Near-field Image Transfer by Magneto-Inductive Arrays: a Modal Perspective

TL;DR

This paper presents an analytical model for near-field image transfer using magneto-inductive arrays, revealing conditions for effective imaging, the impact of array size, and the importance of operating frequency for fidelity and resolution.

Contribution

It introduces a modal analysis approach to model pixel-to-pixel image transfer in magneto-inductive arrays, providing explicit expressions for imaging parameters and conditions for successful transfer.

Findings

Out-of-band excitation enables image transfer.

Array size must exceed the image size by at least the point spread function.
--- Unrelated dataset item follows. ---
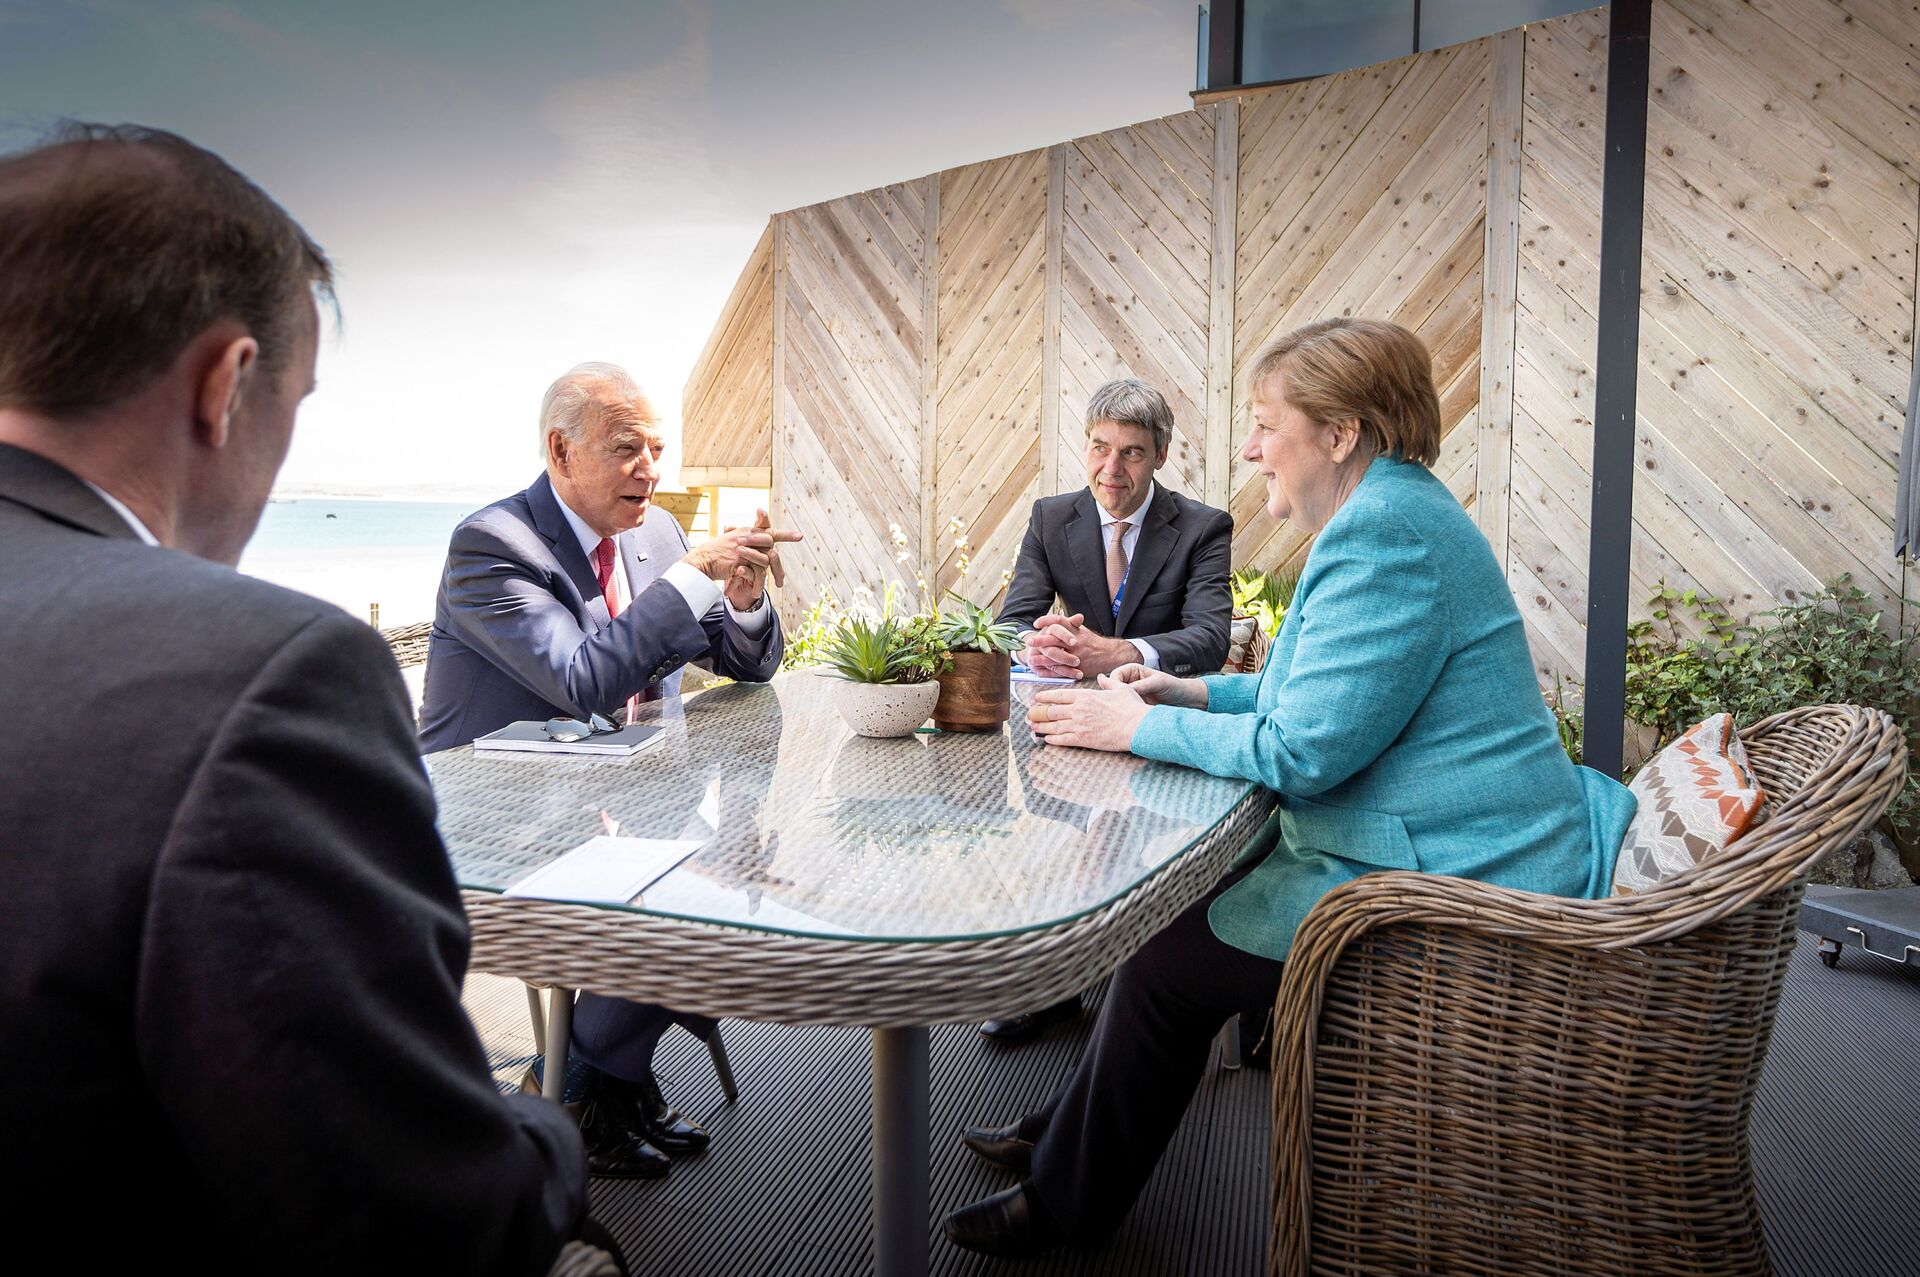 Tổng thống Mỹ Joe Biden, người đứng đầu Cục Chính sách Đối ngoại, An ninh và Phát triển Kinh tế và Xã hội của văn phòng thủ tướng Đức Jan Hecker, thủ tướng Angela Merkel tại Hội nghị thượng đỉnh G7 tại Anh, tháng 6 năm 2021  - Sputnik Việt Nam, 1920, 05.10.2021

Imaging fidelity depends on operating frequency and array dimensions.

Abstract

A simple model of near-field pixel-to-pixel image transfer using magneto-inductive arrays is presented. The response of N-dimensional rectangular arrays is first found as an excitation of eigenmodes. This analytical method involves approximating the effect of sources and detectors, and replaces the problem of solving large numbers of simultaneous equations with that of evaluating a sum. Expressions are given for the modal expansion coefficients, and in the low-loss case it is shown that the coefficient values depend only on the difference in reciprocal frequency space of the operating frequency from the resonant frequency of each mode. Analytic expressions are then derived for quasi-optical quantities such as the spatial frequency response, point-spread function and resolving power, and their implications for imaging fidelity and resolution are examined for arrays of different dimension. The results show clearly that there can be no useful image transfer for in-band excitation. Out-of-band excitation allows image transfer. Provided the array is larger than the expected image by at least the size of the point spread function, the effect of the array boundaries may be ignored and imaging is determined purely by the properties of the medium. However, there is a tradeoff between fidelity and throughput, and good imaging performance using thick slabs depends on careful choice of the operating frequency. The approximate analytic method is verified by comparison of exact numerical solution.